__Data for processing__:
<<<<

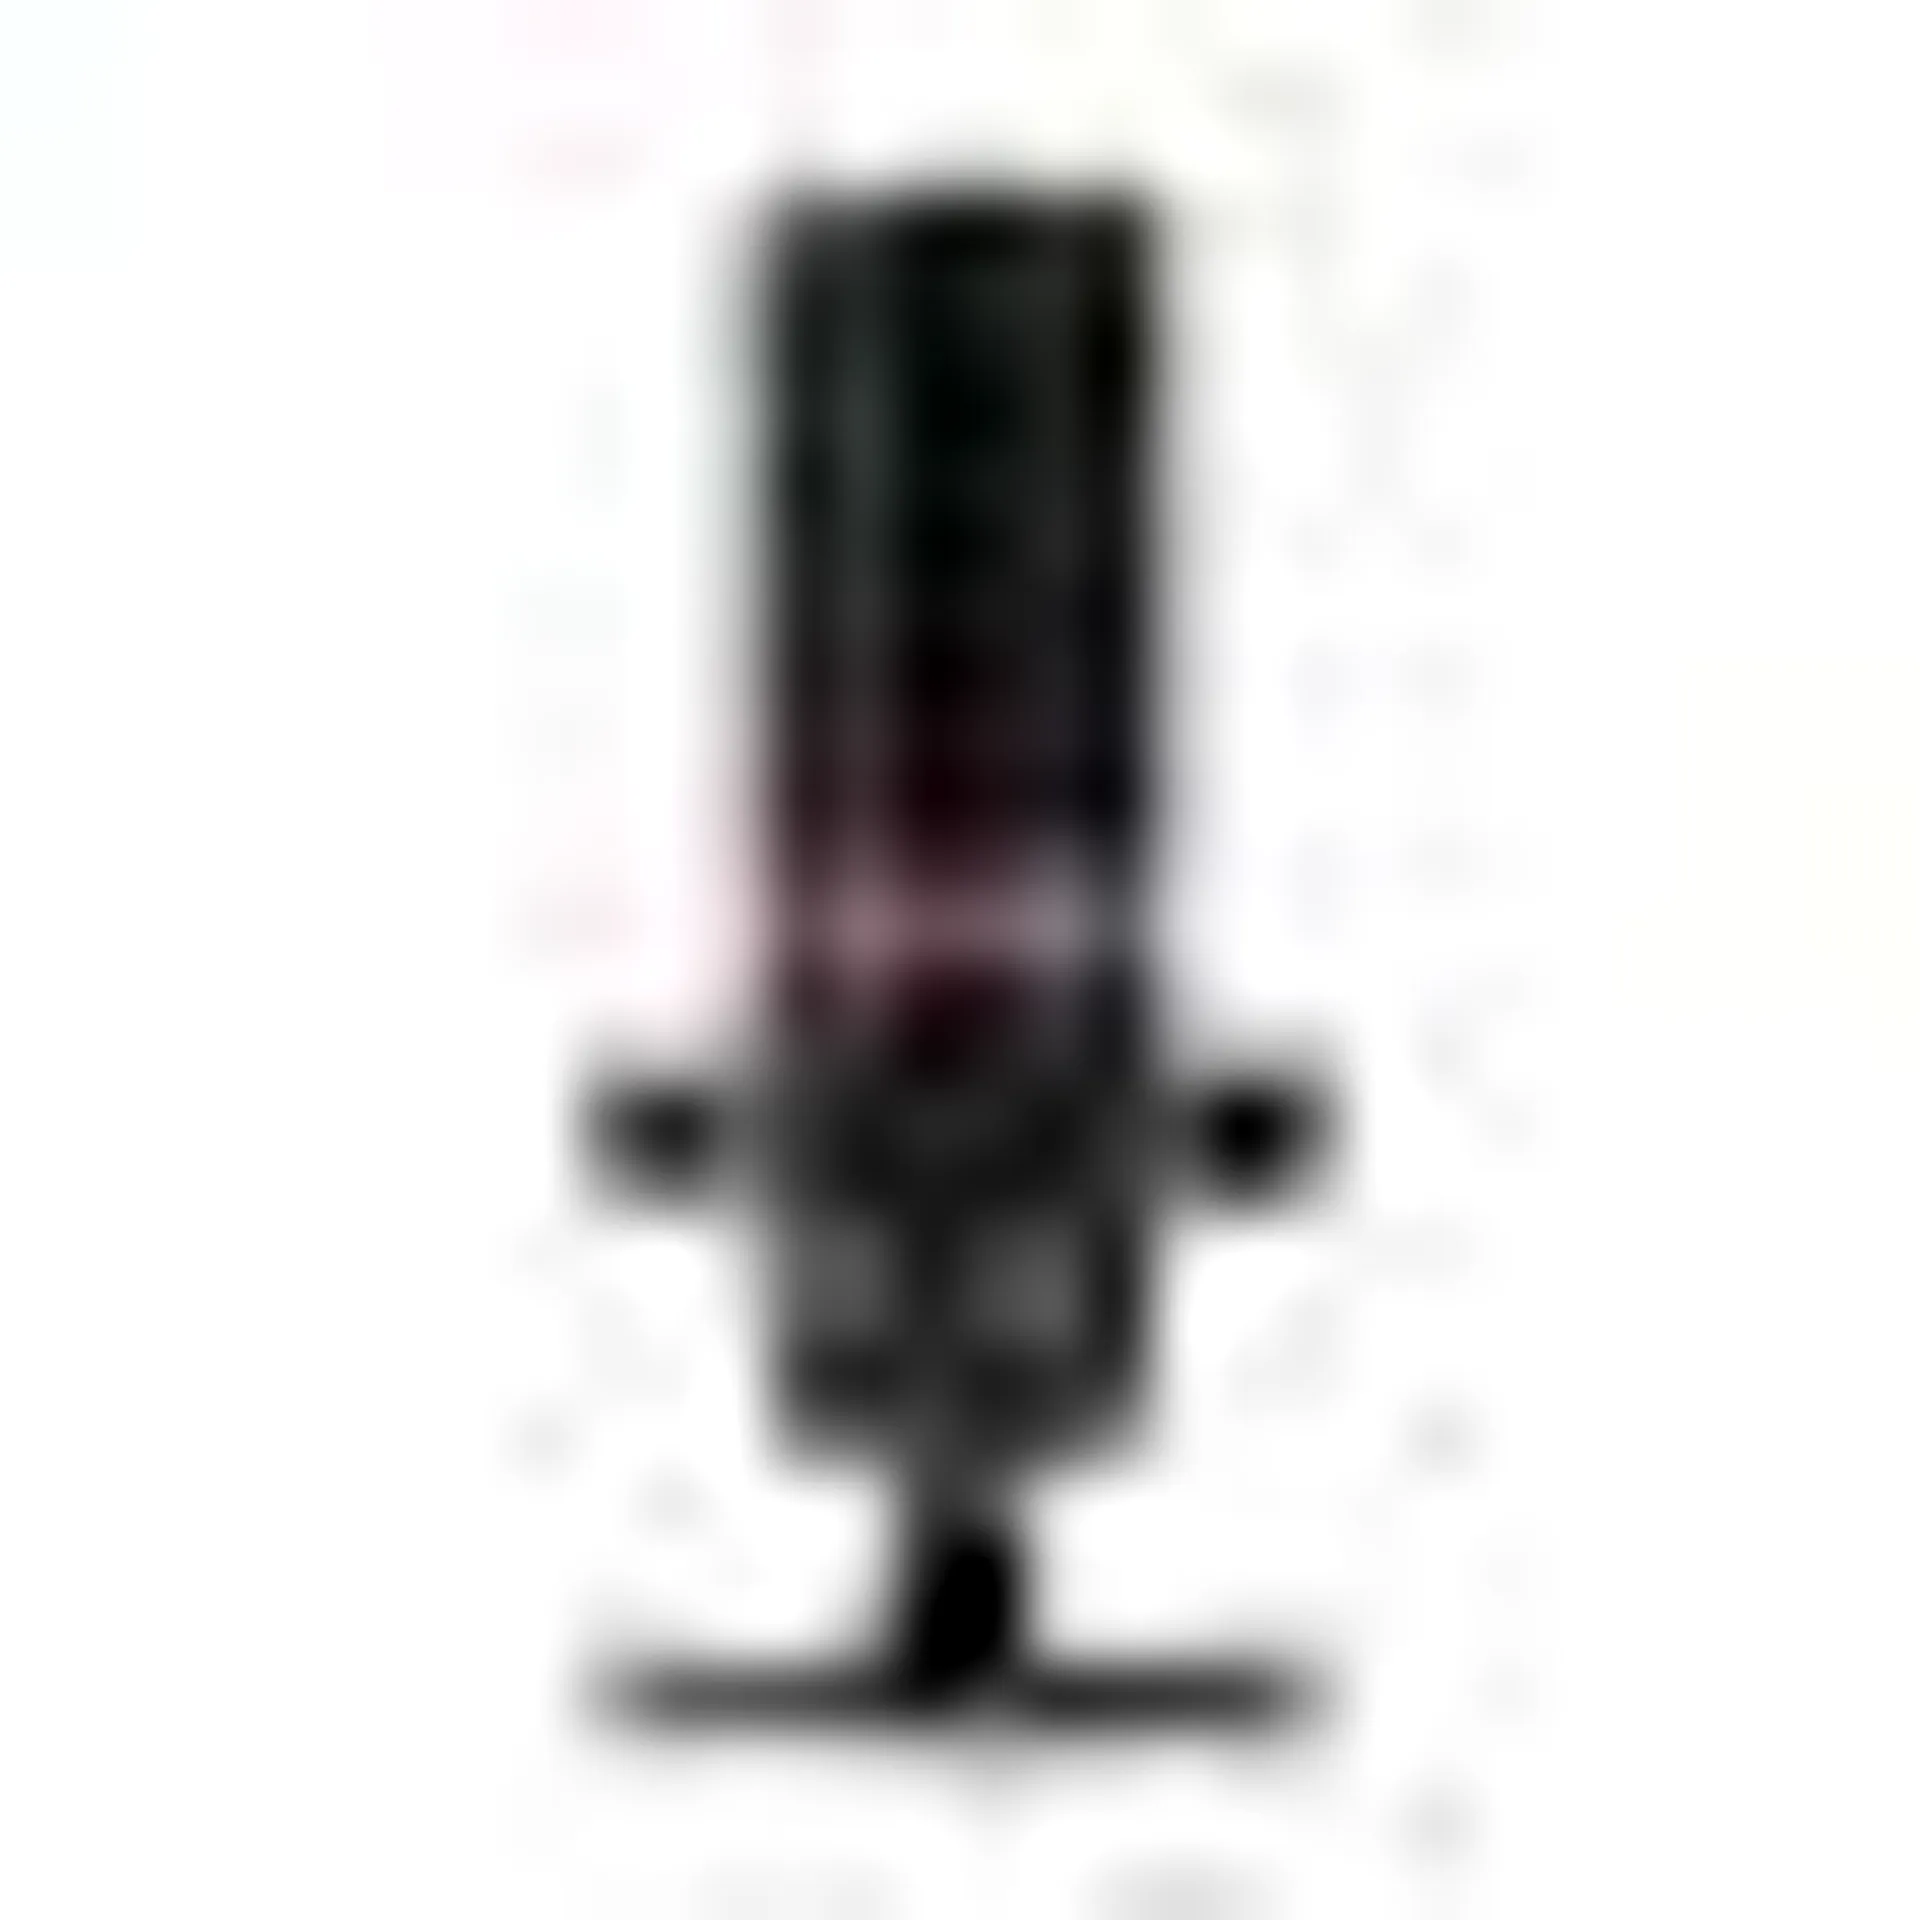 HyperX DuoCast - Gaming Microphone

>>>>
<<<<

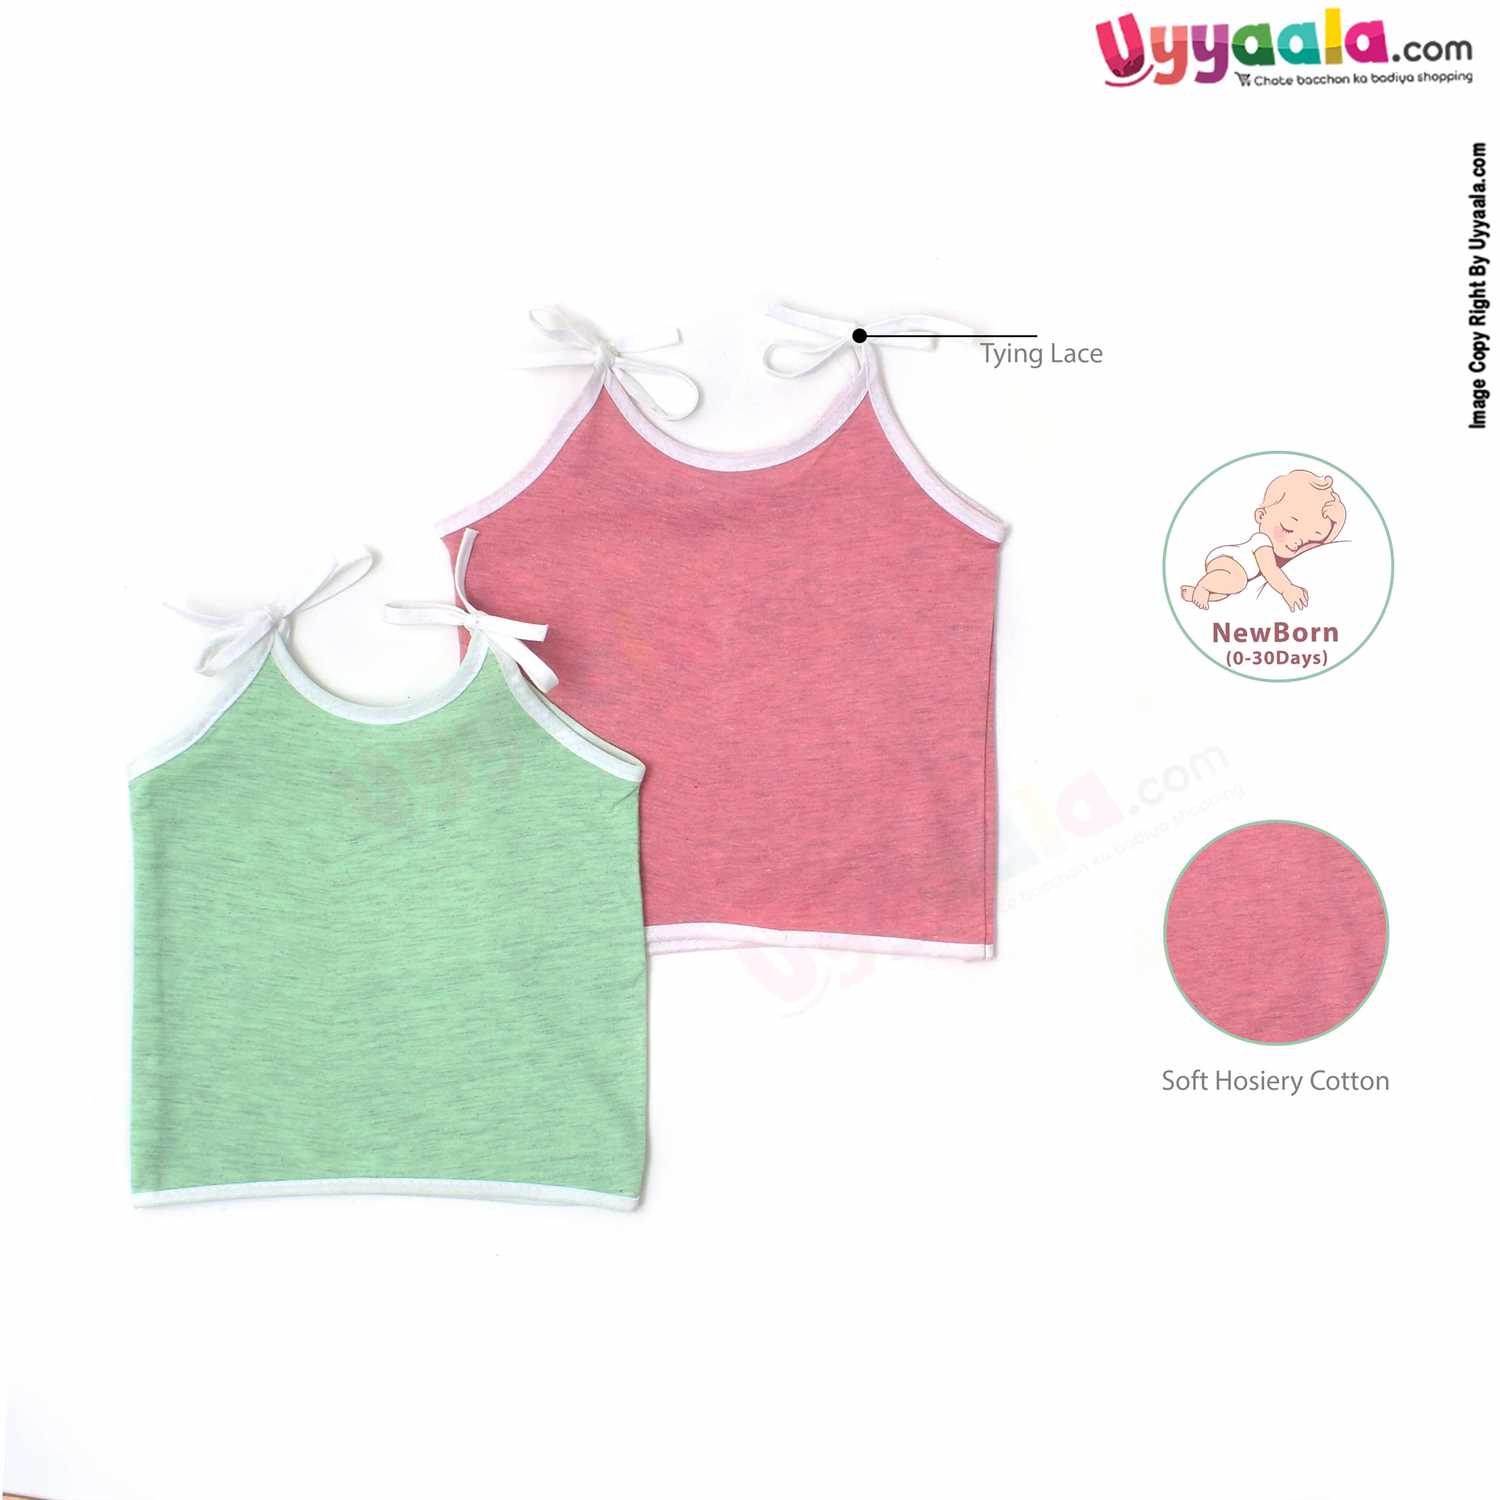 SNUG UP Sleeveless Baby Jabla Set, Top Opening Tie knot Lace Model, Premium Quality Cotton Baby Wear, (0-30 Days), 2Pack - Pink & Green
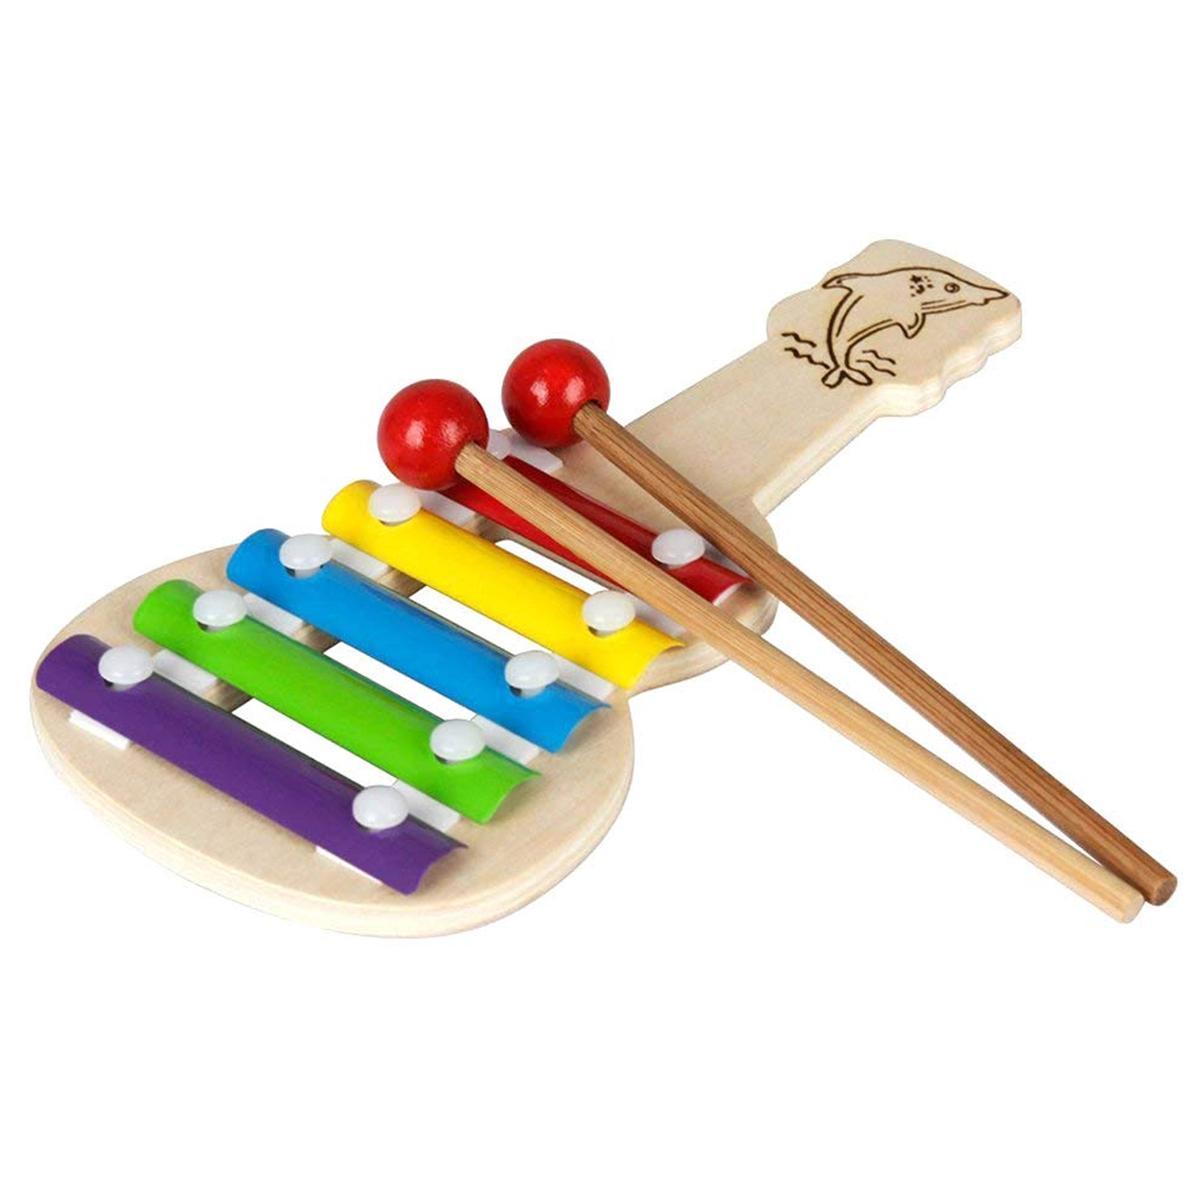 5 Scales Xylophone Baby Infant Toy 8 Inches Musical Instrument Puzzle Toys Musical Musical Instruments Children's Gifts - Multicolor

>>>>

__Task statement__:
Print exactly the lines above that run from the one with "SNUG UP Sleeveless" down to the one with "5 Scales Xylophone", and omit the pictures.

__Finished exercise__:
 SNUG UP Sleeveless Baby Jabla Set, Top Opening Tie knot Lace Model, Premium Quality Cotton Baby Wear, (0-30 Days), 2Pack - Pink & Green
 5 Scales Xylophone Baby Infant Toy 8 Inches Musical Instrument Puzzle Toys Musical Musical Instruments Children's Gifts - Multicolor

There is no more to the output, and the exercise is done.